Зимой, перейдя в наступление под Старым Осколом я был ранен. С этого времени началось мое «путешествие» по госпиталям. В госпиталях я пролежал больше четырех месяцев. Потом выписался и был направлен в запасную бригаду, где и нахожусь до настоящего времени. Но так опротивело мне здесь, просто уже невозможно терпеть.
Надеюсь, что мне удастся вырваться из этой части и уехать на фронт. Да, только на фронте можно иметь уважение и легко вздохнуть, зная, что вернувшись домой, после окончания войны, никто не уколит упреком и презрением, что я не защищал Родины, а скрывался в тылу. Моя совесть будет чиста! А то ведь долго я засиделся в тылу и ни разу хорошего слова не слышал от командования. Это не то, что на фронте, где существует уважение и фронтовые товарищеские отношения со всеми.
Письма из дома получаю. Живут сравнительно неплохо. Отец тоже в армии, где‑то на юге воюет.
Да, дня два назад я написал твоей маме письмо, чтобы она сообщила мне твой адрес, ну а теперь я сам получил от тебя.

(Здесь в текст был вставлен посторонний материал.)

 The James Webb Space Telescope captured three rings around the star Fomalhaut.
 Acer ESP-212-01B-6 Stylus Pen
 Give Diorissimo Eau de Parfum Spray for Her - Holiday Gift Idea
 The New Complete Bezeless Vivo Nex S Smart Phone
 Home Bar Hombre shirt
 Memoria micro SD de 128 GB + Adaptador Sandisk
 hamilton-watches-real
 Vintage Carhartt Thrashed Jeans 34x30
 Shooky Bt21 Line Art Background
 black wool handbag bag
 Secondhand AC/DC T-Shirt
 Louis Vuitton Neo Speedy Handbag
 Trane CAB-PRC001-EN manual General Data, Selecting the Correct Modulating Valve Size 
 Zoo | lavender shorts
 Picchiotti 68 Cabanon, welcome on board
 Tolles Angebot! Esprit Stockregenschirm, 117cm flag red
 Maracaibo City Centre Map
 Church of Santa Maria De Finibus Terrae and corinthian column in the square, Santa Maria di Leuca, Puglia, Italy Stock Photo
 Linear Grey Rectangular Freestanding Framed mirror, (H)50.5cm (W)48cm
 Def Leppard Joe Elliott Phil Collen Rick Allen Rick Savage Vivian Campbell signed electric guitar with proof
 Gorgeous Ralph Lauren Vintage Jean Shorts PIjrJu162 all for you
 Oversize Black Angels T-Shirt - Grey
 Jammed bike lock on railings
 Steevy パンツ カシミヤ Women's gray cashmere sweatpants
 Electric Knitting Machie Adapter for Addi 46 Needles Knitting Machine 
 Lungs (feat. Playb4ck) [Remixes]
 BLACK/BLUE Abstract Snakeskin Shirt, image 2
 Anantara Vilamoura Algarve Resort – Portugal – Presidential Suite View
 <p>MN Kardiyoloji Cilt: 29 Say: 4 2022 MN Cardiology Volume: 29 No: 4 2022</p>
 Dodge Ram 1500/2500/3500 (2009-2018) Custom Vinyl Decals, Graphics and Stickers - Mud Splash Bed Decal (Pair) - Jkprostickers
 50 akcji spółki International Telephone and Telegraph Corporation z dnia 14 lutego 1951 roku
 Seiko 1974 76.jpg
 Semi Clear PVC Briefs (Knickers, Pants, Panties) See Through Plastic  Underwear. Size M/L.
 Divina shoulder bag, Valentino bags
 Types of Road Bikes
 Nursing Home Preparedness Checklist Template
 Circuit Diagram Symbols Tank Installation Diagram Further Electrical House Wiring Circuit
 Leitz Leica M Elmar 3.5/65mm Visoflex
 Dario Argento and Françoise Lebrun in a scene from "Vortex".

С Анькой Шаталкиной связь порвал окончательно. Несколько дней назад послал ей ответ. Правда, жаль было, но она сама этого добилась. Она мне написала в письме, что ее сватает один старший лейтенант — работник райвоенкомата и она у меня спрашивает совета, что ей делать — выходить за него или нет? В общем, Валя, комедия. Разобьем фрицев, осталось немного. Кончится война, встретимся и вместе жениться будем. Ох, и погуляем же при встрече!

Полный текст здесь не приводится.